The recipe, which was found by many metallurgists at different times and in different countries, was simple and understandable: "You cannot extinguish the furnace." About the technical details, why the constant burning of the blast furnace is more profitable, how it improves the properties of the metal being smelted and why in this case less efforts of blacksmiths are required, during subsequent processing, I suggest reading about all this, friends,]]> here is a link to a good article on metallurgy]]>. In the meantime, just accept it as a fact: economically and technologically, the constant operation of the furnace is more profitable. Now let's get down to the calculations.
Our blast furnace has an inner diameter of 4 meters, the height of the working area, judging by the proportions of the furnace, is at least two meters, and possibly even more.This gives us a working area of 25,000 liters. It is easy to calculate by the formula: V = πr2h where V is the volume; π = 3.14; r is the radius of the furnace; h is the height of the working area.
For comparison, the weight of 1 liter of pure water is 1 kg. Iron ore is much heavier than water, due to its higher density, therefore 1 liter of ore weighs much more, depending on the type of ore, 2 or more times. Fuel, in our case, can be both coal and wood. Stone, is also heavier than water, but wood is lighter. But in comparison with stone, wood burns out faster, therefore, it needs to be added to the furnace more often, and accordingly, its volume increases. Also for smelting, a flux is required - limestone, which is also heavier than water.
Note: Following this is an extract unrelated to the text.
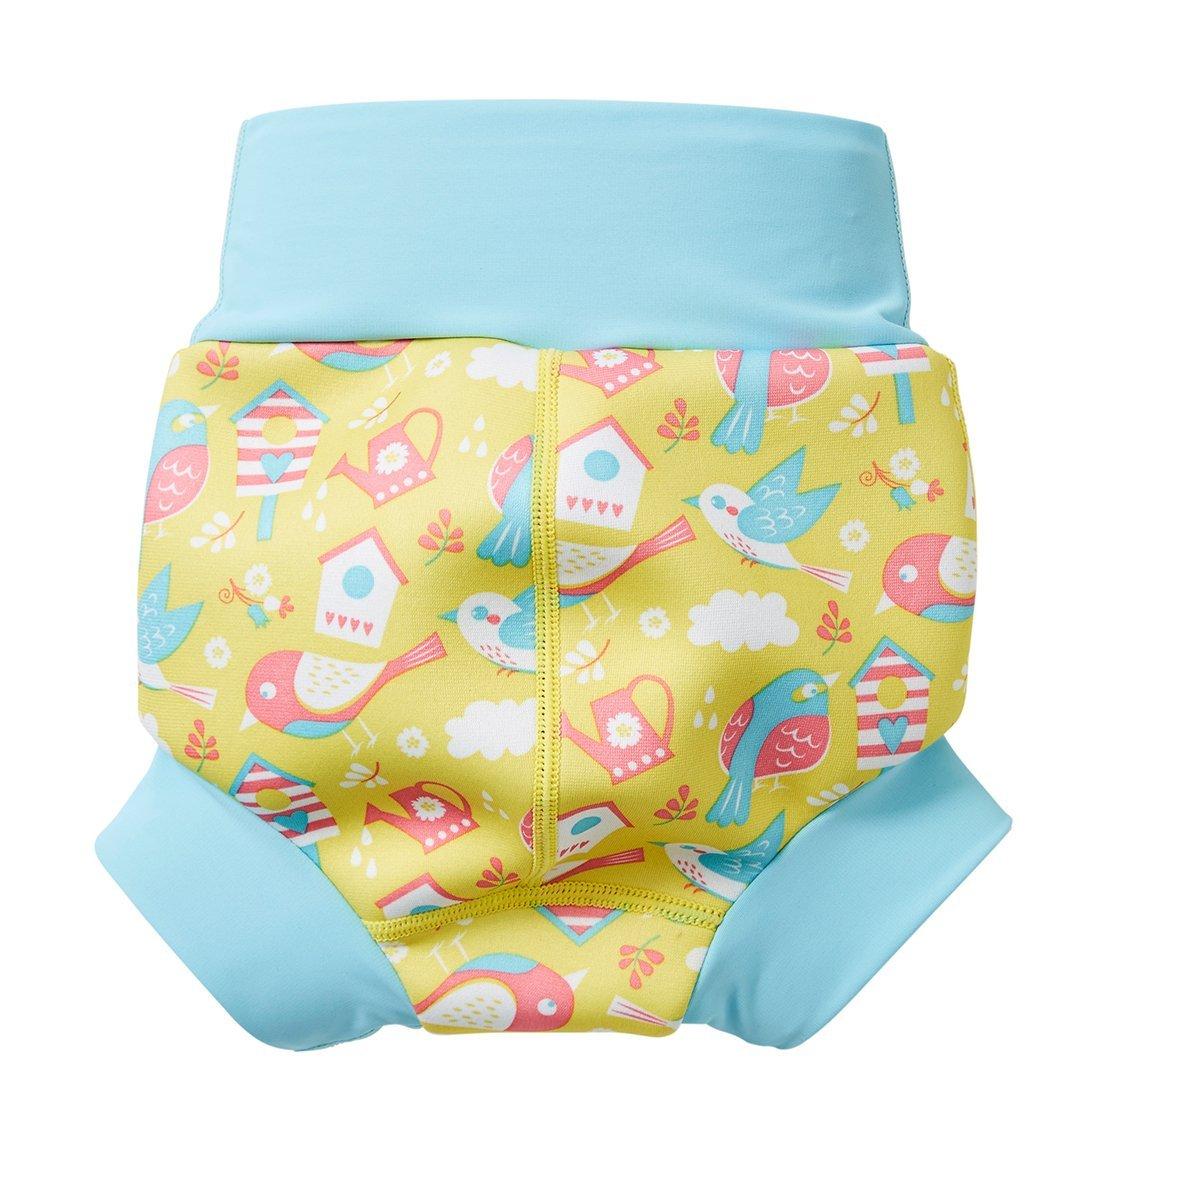 Splash-About-Happy-Nappy-Baby-amp-Toddler-Swimwear-Nappy-and-Shorts-Sun-Safe thumbnail 13

It turns out that one load of this furnace requires 50 tons of ore and about 50 tons of coal and flux. That is, for this furnace, only for one load, raw materials, you need to bring about 100 tons. Considering that the local ore is still poorer than on the Kursk Magnetic Anomaly, we will assume that the cast iron is drained not after 2-3 hours, but after 8-12 hours, that is, only twice a day, which means the daily supply of raw materials, is 200 tons.
At the same time, the exit from the furnace of all solid materials is also a wagon and a small cart, since it is necessary to take away the resulting slag and send the finished metal for further processing.
Thus, we came to the conclusion that it is simply physically impossible to carry out all these transportation by carts, since an ordinary cart pulled by one horse can carry about 700 kg, on a more or less flat and strong road. In the case of uneven or muddy roads, it is not recommended to load the cart, more than the weight of the horse itself.
That is, to ensure the continuous operation of the furnace, only for the delivery of raw materials you need: 200 tons / 700 kg = 285.71 that is - 286 horses, 286 carts, and 286 cabmen. It seems that not a lot, considering that one of the owners of the plant, Nikolai Petrovich Khlebnikov, was engaged in breeding horses, but 286 carts of raw materials per day, this is only 5 minutes for unloading. Is it a lot or a little? I don’t know, but apparently, you really need to be an epic hero in order to throw 700 kg of stones in 5 minutes.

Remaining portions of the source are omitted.